The meristem-organ boundary resides between the shoot apical meristem (SAM) and lateral organ primordia, not only providing a physical barrier in the shoot apex, but also actively communicating between the shoot apical meristem and emerging lateral organ primordia. LATERAL ORGAN BOUNDARIES (LOB) is specifically expressed at the boundary region and functions to suppress growth to ensure boundary integrity. This dissertation focuses on the study of the LOB genetic pathway in boundary maintenance of Arabidopsis.
In Chapter 1 (together with other previous work - Bell et al., in press), I revealed that LOB suppresses brassinosteroid (BR) signaling in the boundary region via directly activating PHYB ACTIVATION TAGGED SUPPRESSOR1 (BAS1) transcription to maintain boundary integrity. LOB directly binds the BAS1 promoter and activates BAS1 transcription in the boundary, thus suppressing BR signaling. Boundary-specific overexpression of positive regulators of BR signaling, such as DWARF4 (DWF4) and BRASSINOSTEROID-INSENSITIVE 1 (BRI1), leads to organ fusion, suggesting that BR suppression is required for boundary maintenance.
In Chapter 2, I identified a negative feedback pathway downstream of LOB that involves the BR receptor, BRI1-LIKE 3 (BRL3). LOB directly binds the BRL3 promoter and activates BRL3 transcription in the boundary region. Similar to BRI1, mis-expression of BRL3 in the boundary region led to a boundary fusion phenotype and locally suppressed LOB expression. Taken together, I proposed that a negative feedback loop regulates LOB expression and boundary maintenance through the LOB-BRL3 genetic pathway.
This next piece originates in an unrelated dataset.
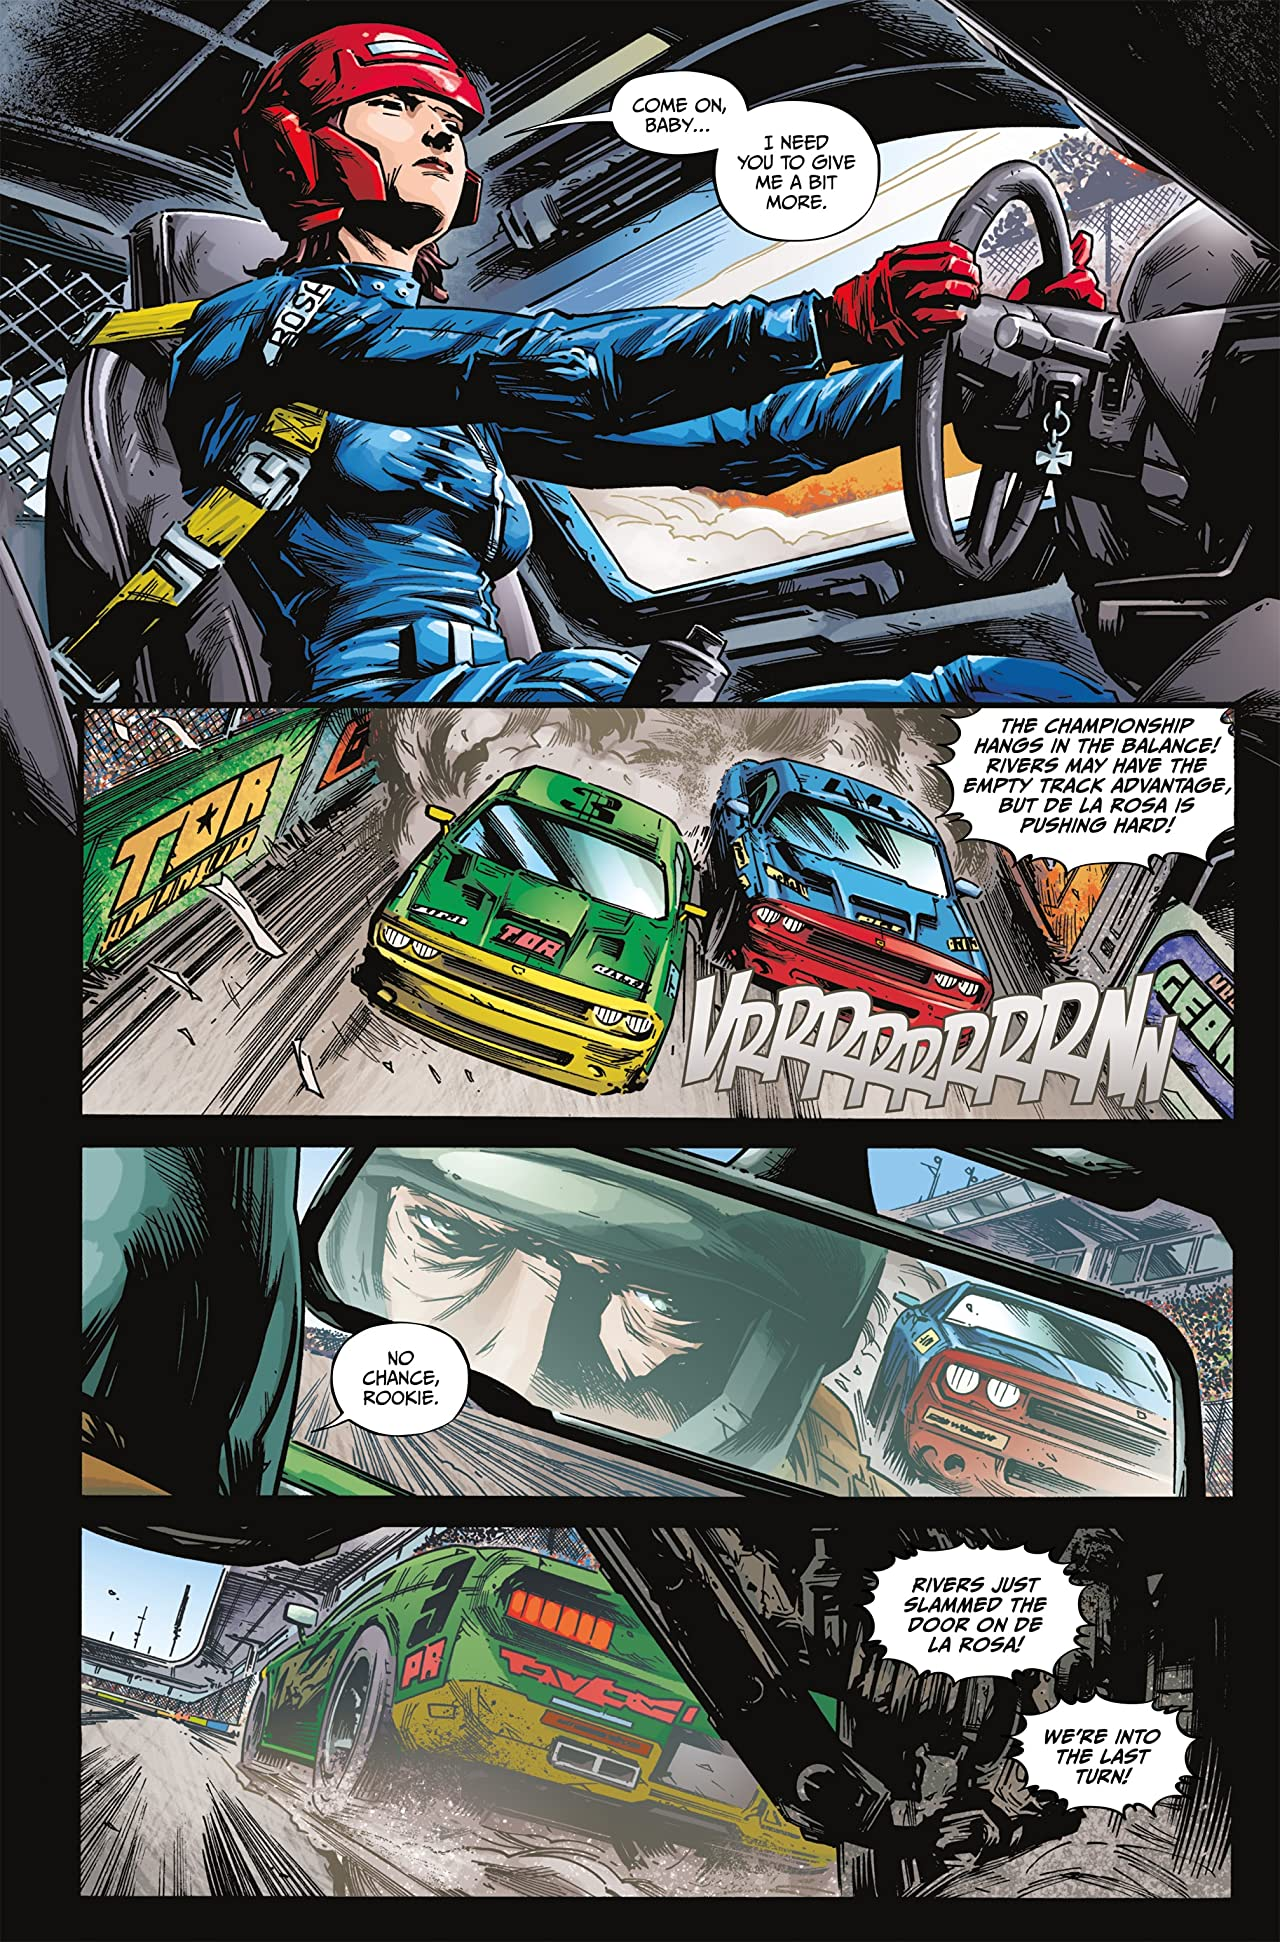 Freeway Fighter Vol. 1

Work in Chapter 3 revealed that LOB and LATERAL SUPPRESSOR (LAS) have a novel synergistic interaction. On one hand, the lob las double mutant has dramatic boundary fusion between stem and lateral cauline leaves, demonstrating the synergistic genetic interaction between LOB and LAS for boundary maintenance. Consistently, overexpressing LAS inhibits plant cell growth and reduces plant size. On the other hand, lob las double mutants also have a stronger reduction in axillary meristem formation than the las single mutant, revealing a novel role for LOB in axillary meristem formation. Moreover, LAS is required for the normal boundary expression pattern of LOB and several other boundary genes such as LATERAL ORGAN FUSION1 (LOF1), CUP-SHAPED COTYLEDON1 (CUC1), suggesting hierarchical interactions between different boundary genes.